Oligoproline Helix Analyzed In Detail

Crystallography: Researchers get better view of third-most-common protein secondary structure

by Stu Borman
November 14, 2014 | A version of this story appeared in Volume 92, Issue 46

Oligoprolines, short peptides made up only of the amino acid proline, form polyproline II (PPII) helices, the third-most-common peptide and protein secondary structure after α-helices and β-sheets. But no one has been able to structurally analyze PPII helices in detail because oligoprolines are difficult to crystallize.

Now, Helma Wennemers and coworkers at ETH Zurich have crystallized a modified oligo­proline and obtained the first high-resolution crystal structure of an oligoproline PPII helix (J. Am. Chem. Soc. 2014, DOI: 10.1021/ja507405j). The oligoproline was modified with an N-terminal p-bromobenzoyl group.

“We had sheer luck, as is so often the case in crystallization, combined with the right touch by my student Patrick Wilhelm,” Wennemers says.

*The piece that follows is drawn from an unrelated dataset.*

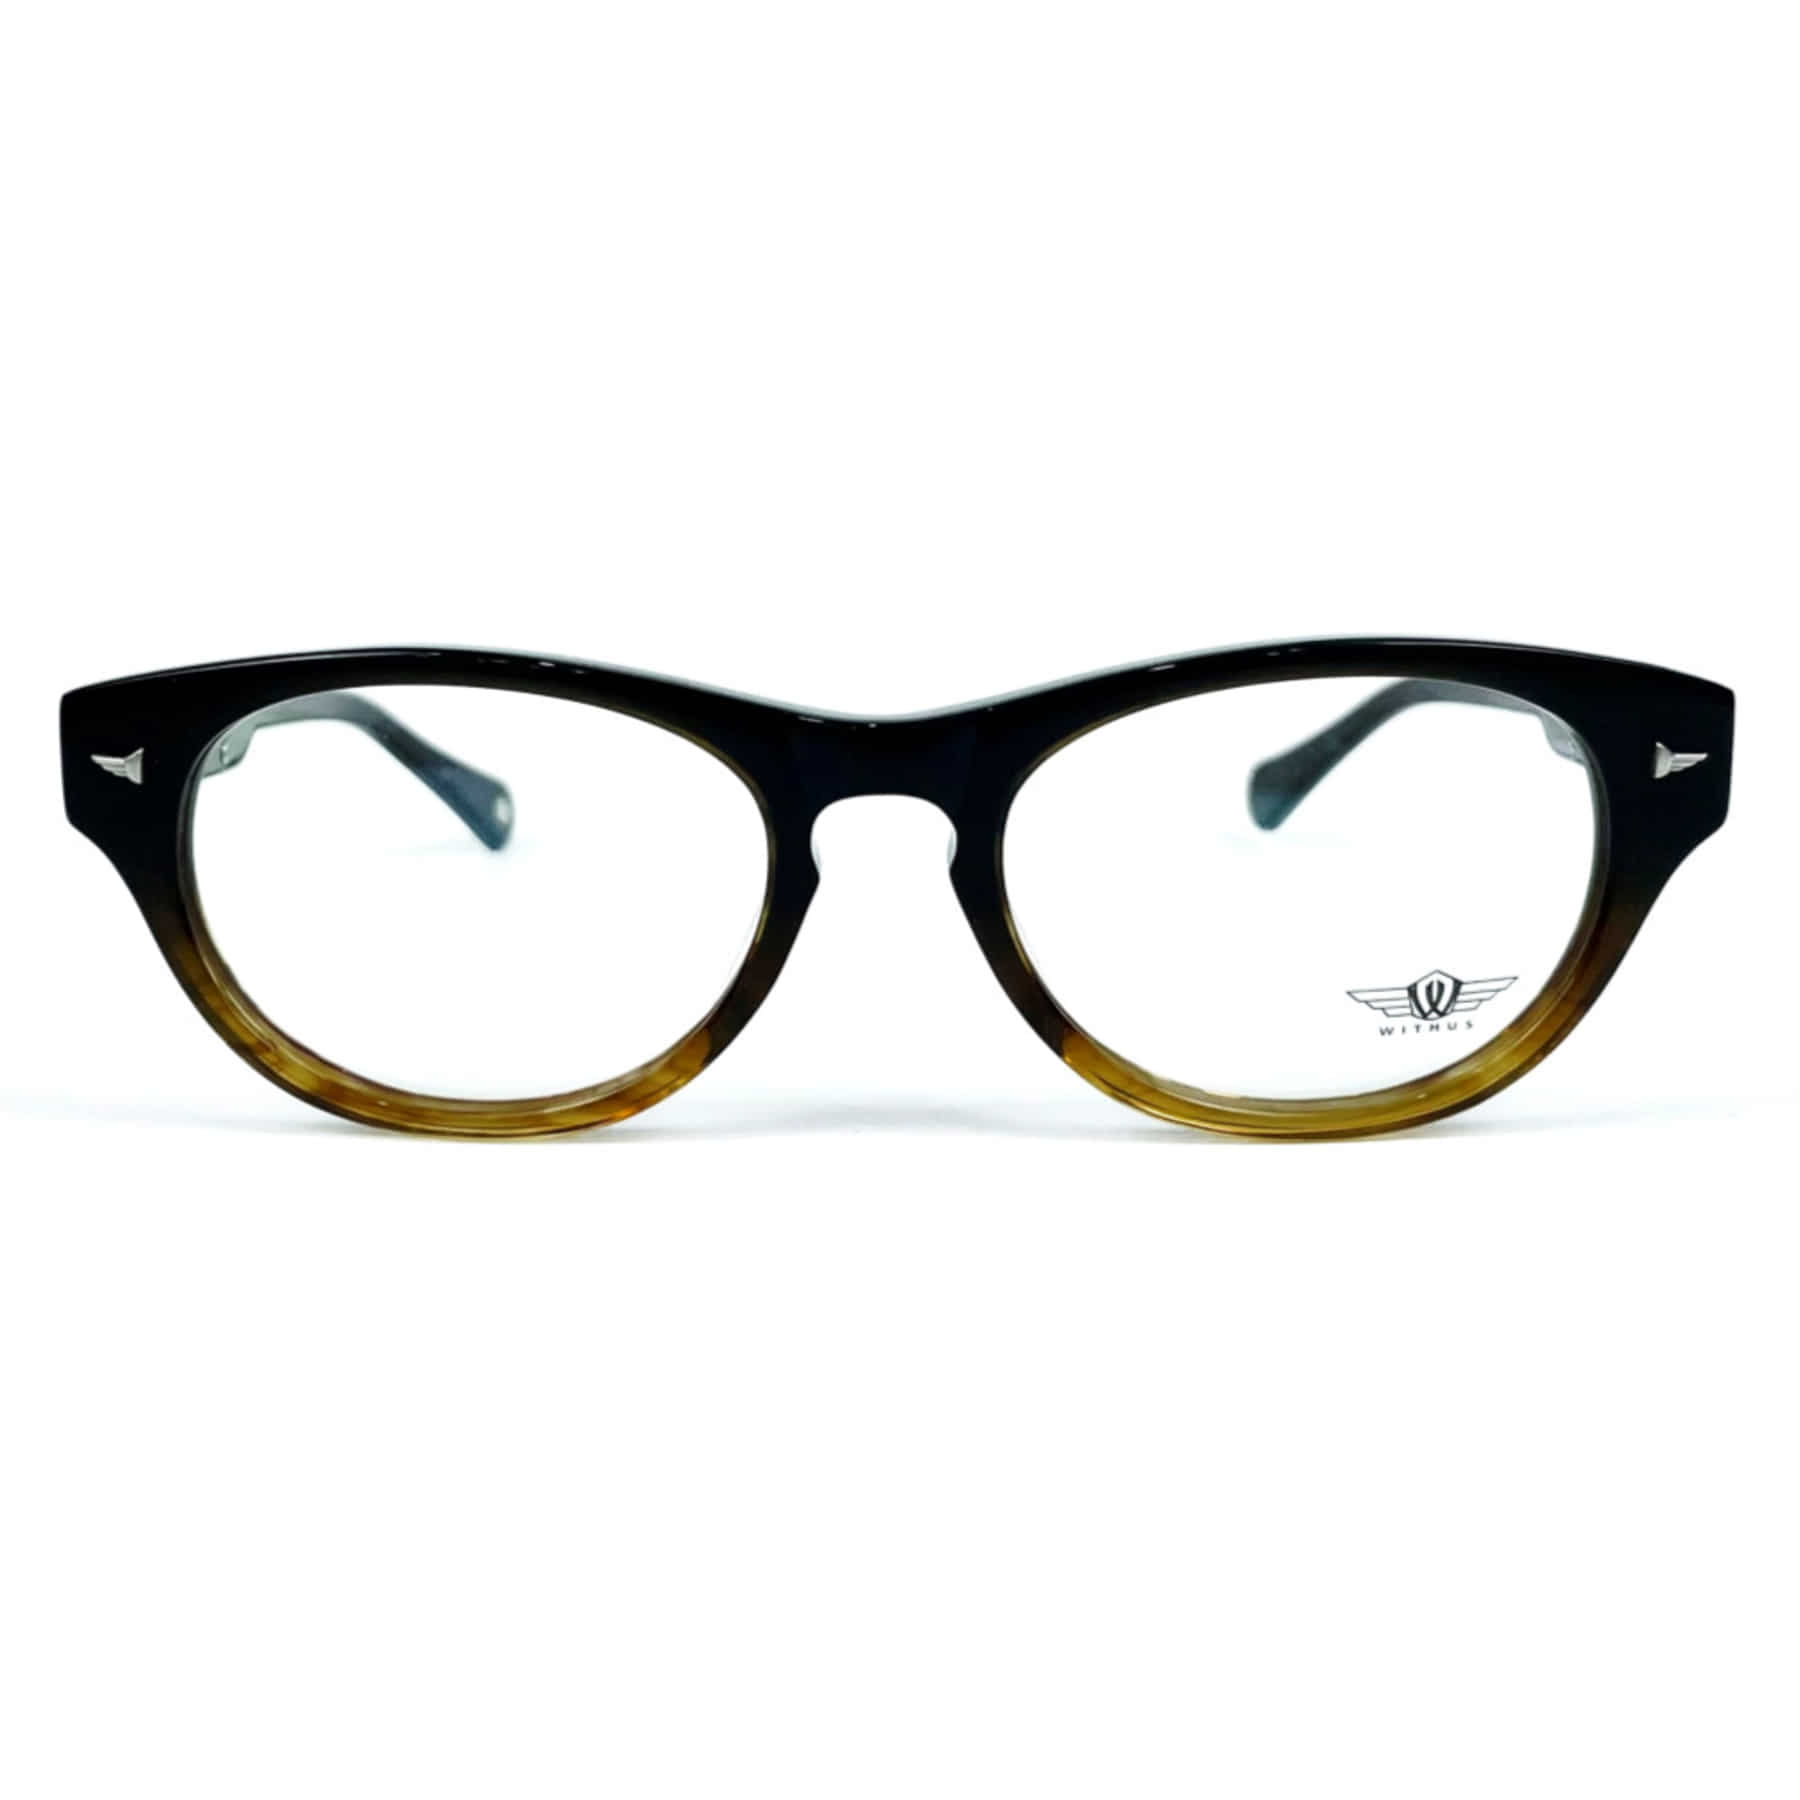 WITHUS-8129, Korean glasses, sunglasses, eyeglasses, glasses

In addition to the key structural role they play in proteins such as collagen, oligoprolines have been used as molecular spacers and scaffolds for applications such as targeting tumors, forming nanoparticles, assembling supramolecular structures, and inhibiting protein-protein interactions. Dimensional and conformational information obtained from the new structure could help researchers design oligoprolines for specific applications.

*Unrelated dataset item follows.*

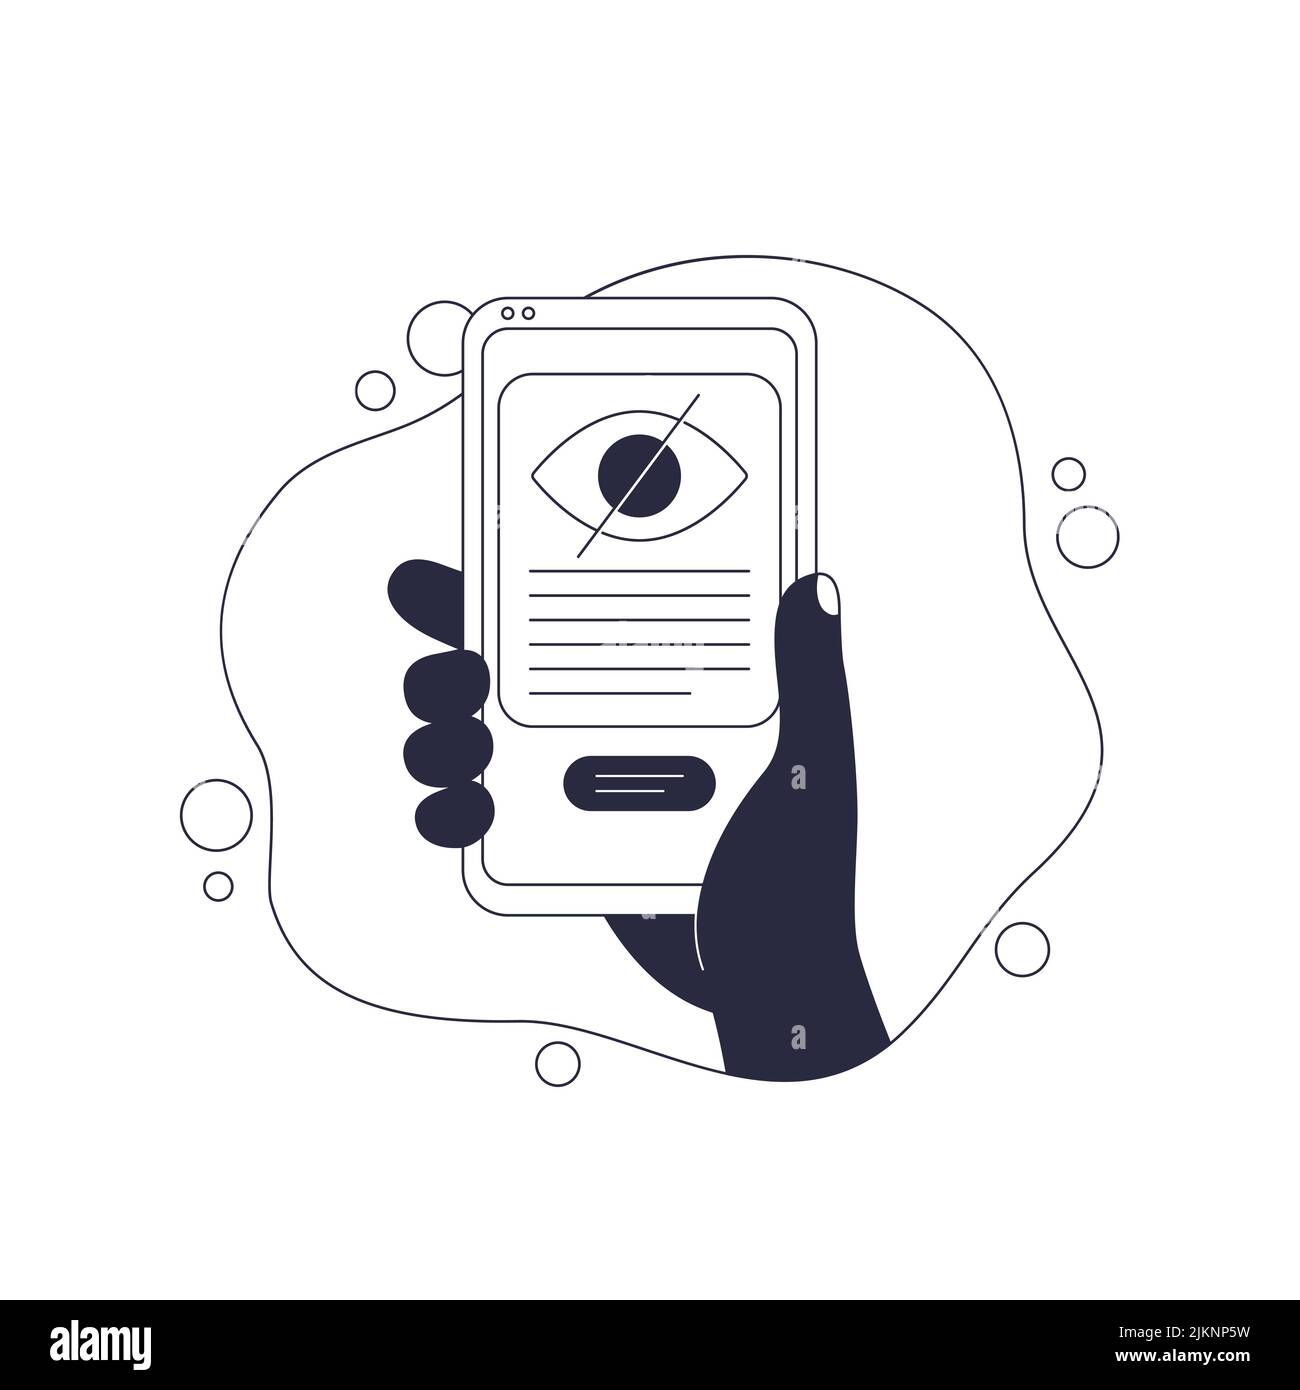 contenu caché ou invisible, téléphone en main, vecteur Illustration de Vecteur

In addition, the structure helps resolve long-standing controversies about the functional role of amide groups and water molecules in PPII helicity. The study revealed that neighboring amide groups in the helix interact and likely contribute to helix stability, whereas water is not present inside the crystal and is therefore not necessary for helicity.

Ron Raines of the University of Wisconsin, Madison, comments that the work is “a landmark advance in structural chemistry, providing the critical first look at the parent of the ubiquitous PPII structural motif in proteins.” The study’s accurate determination of the distance between prolines in the structure “will enable numerous studies in which oligoprolines are employed as molecular rulers,” Raines says.